The odds of a technical default remain low in our opinion, but the extension does not lessen the complexity of the political negotiations over the next seven weeks. That complexity may generate additional market volatility. Looking beyond the current period of political uncertainty, above-average economic growth next year should be the main influence on equity and bond prices. We therefore reiterate our conclusions from our October 6 report:
- Economic and earnings growth next year should post above-average growth rates once again, even if somewhat slower than the very rapid pace of 2021. We favor equities over fixed income, and U.S. equity markets over international markets.
- Any short-term risk aversion should increase demand for longer-term fixed income securities, implying temporarily higher prices and lower yields. Following an eventual higher debt ceiling in the near term, we anticipate another half-point increase to the current 10-year Treasury yield next year, as Treasury issuance and Federal Reserve purchases both decline from their pandemic pace.

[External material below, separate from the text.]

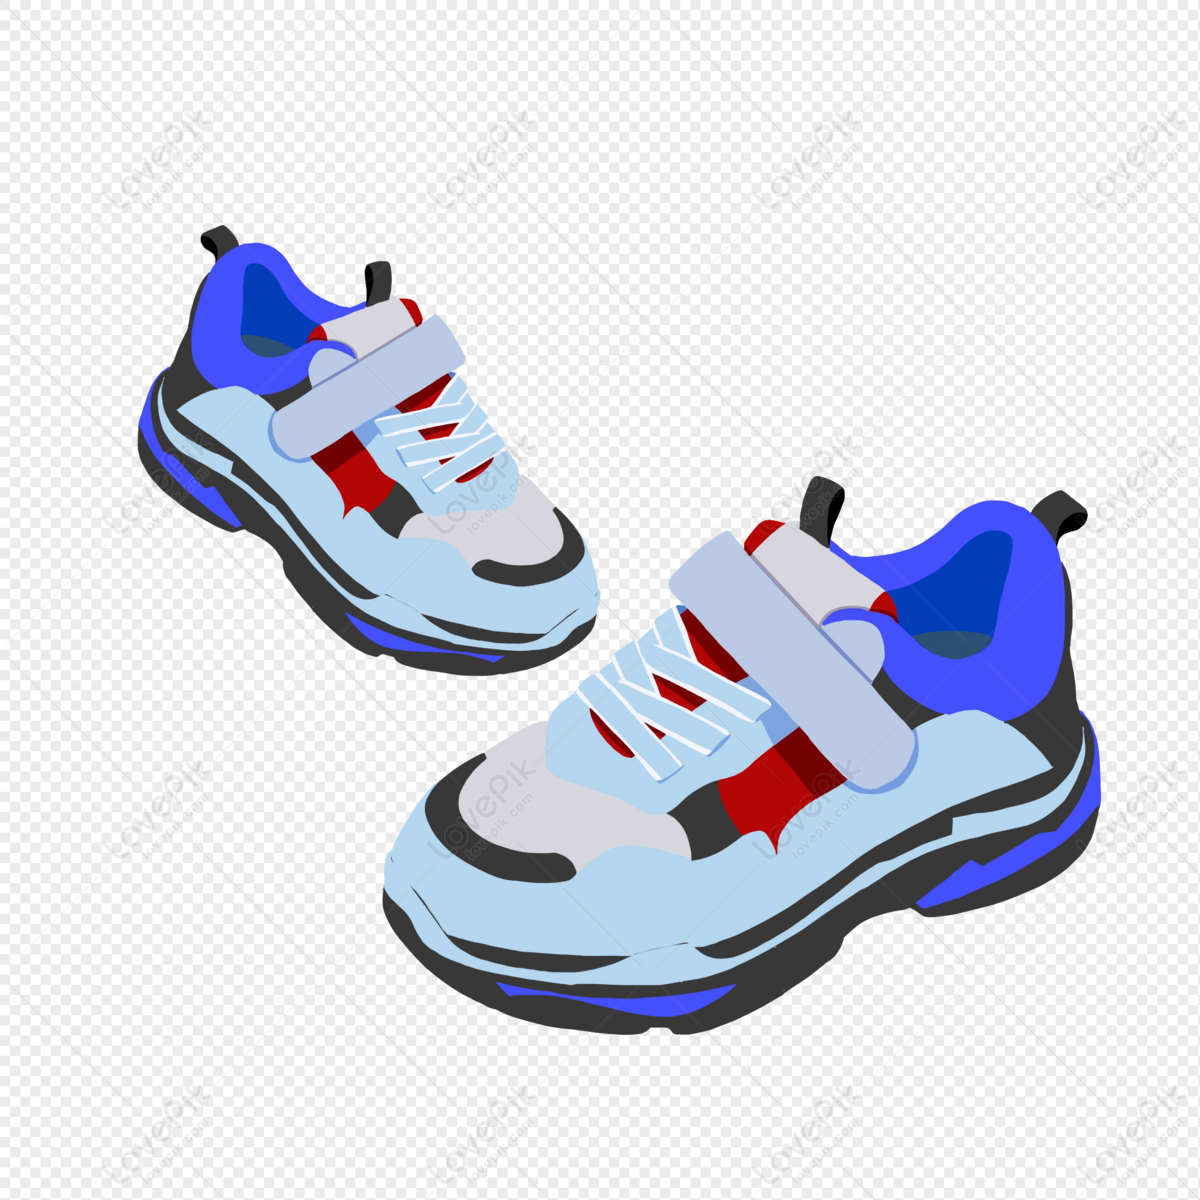 Sneaker shoe image Royalty Free Stock SVG Vector
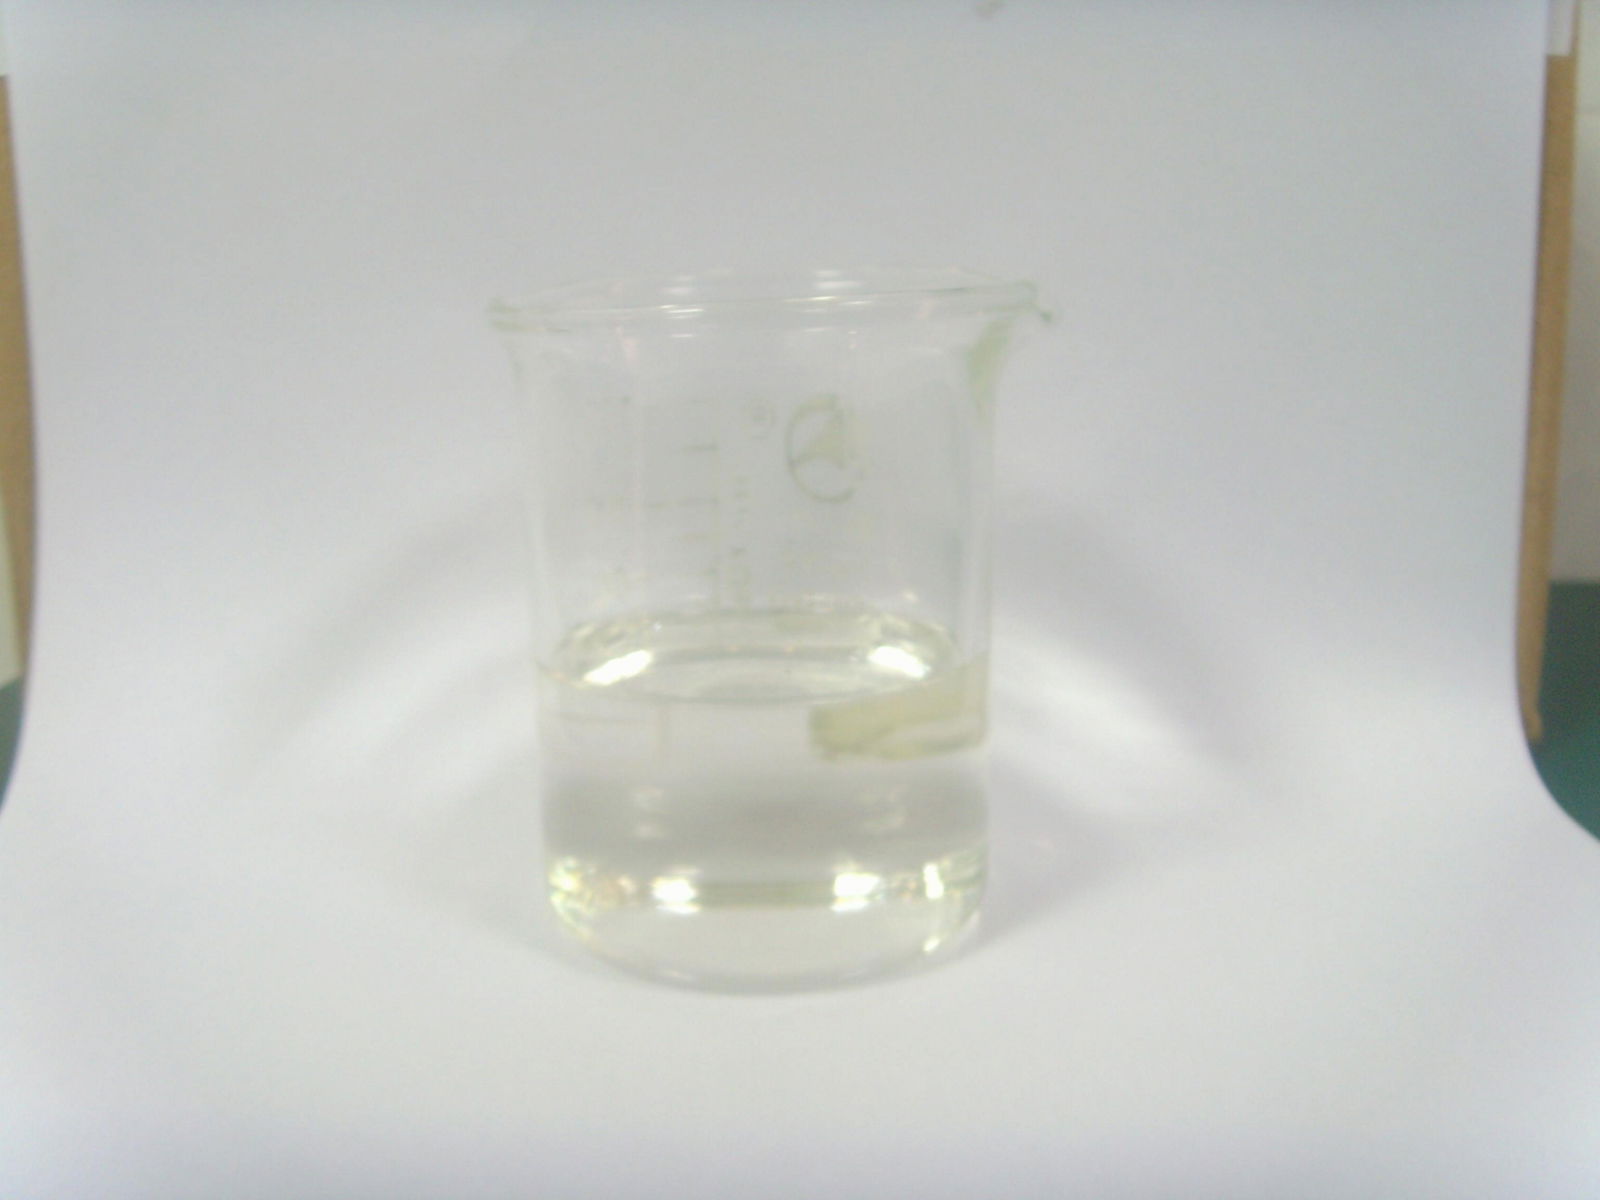 Selling  2-Cyclohexylethanol CAS#4442-79-9  In stock 2

- Even some modest slowing in economic and earnings rates may increase the susceptibility of equities to pullbacks based on disappointing news. Volatility around the debt ceiling increase is likely to be part of that pattern. As the path forward is higher but bumpier, we favor dollar-cost-averaging to put cash to work in a disciplined and incremental way.
- We have maintained a neutral stance on bond duration (interest rate sensitivity), but we believe recent interest rate increases in the range of 3- to 5-year maturities represent an opportunity to add cash to portfolios underweight in Intermediate-Term Fixed Income.
1 Please see “The narrowing path to legislative success”, Wells Fargo Investment Institute, October 6, 2021.
2 Siobhan Hughes, Lindsay Wise and Eliza Collins, “Debt-Limit Bill Passes Senate, Heads to House”, The Wall Street Journal, October 7, 2021.
3 The reasoning is that a short-lived period of political stress is unlikely to permanently impair payments on securities that mature long after the current political anxiety.
4 The Treasury did miss three debt payments in April and May of 1979. At the time, Congress was debating a higher debt ceiling, but a complicating factor was that the Treasury experienced technical delays in printing checks. The Treasury paid principal and coupons after the delay. For more information, please see D. Andrew Austin, “Has the U.S. Government Ever “Defaulted”?, Congressional Research Service, December 8, 2016.
5 “Treasury Operations and the Debt Ceiling”, Securities Industry and Financial Markets Association, 2018.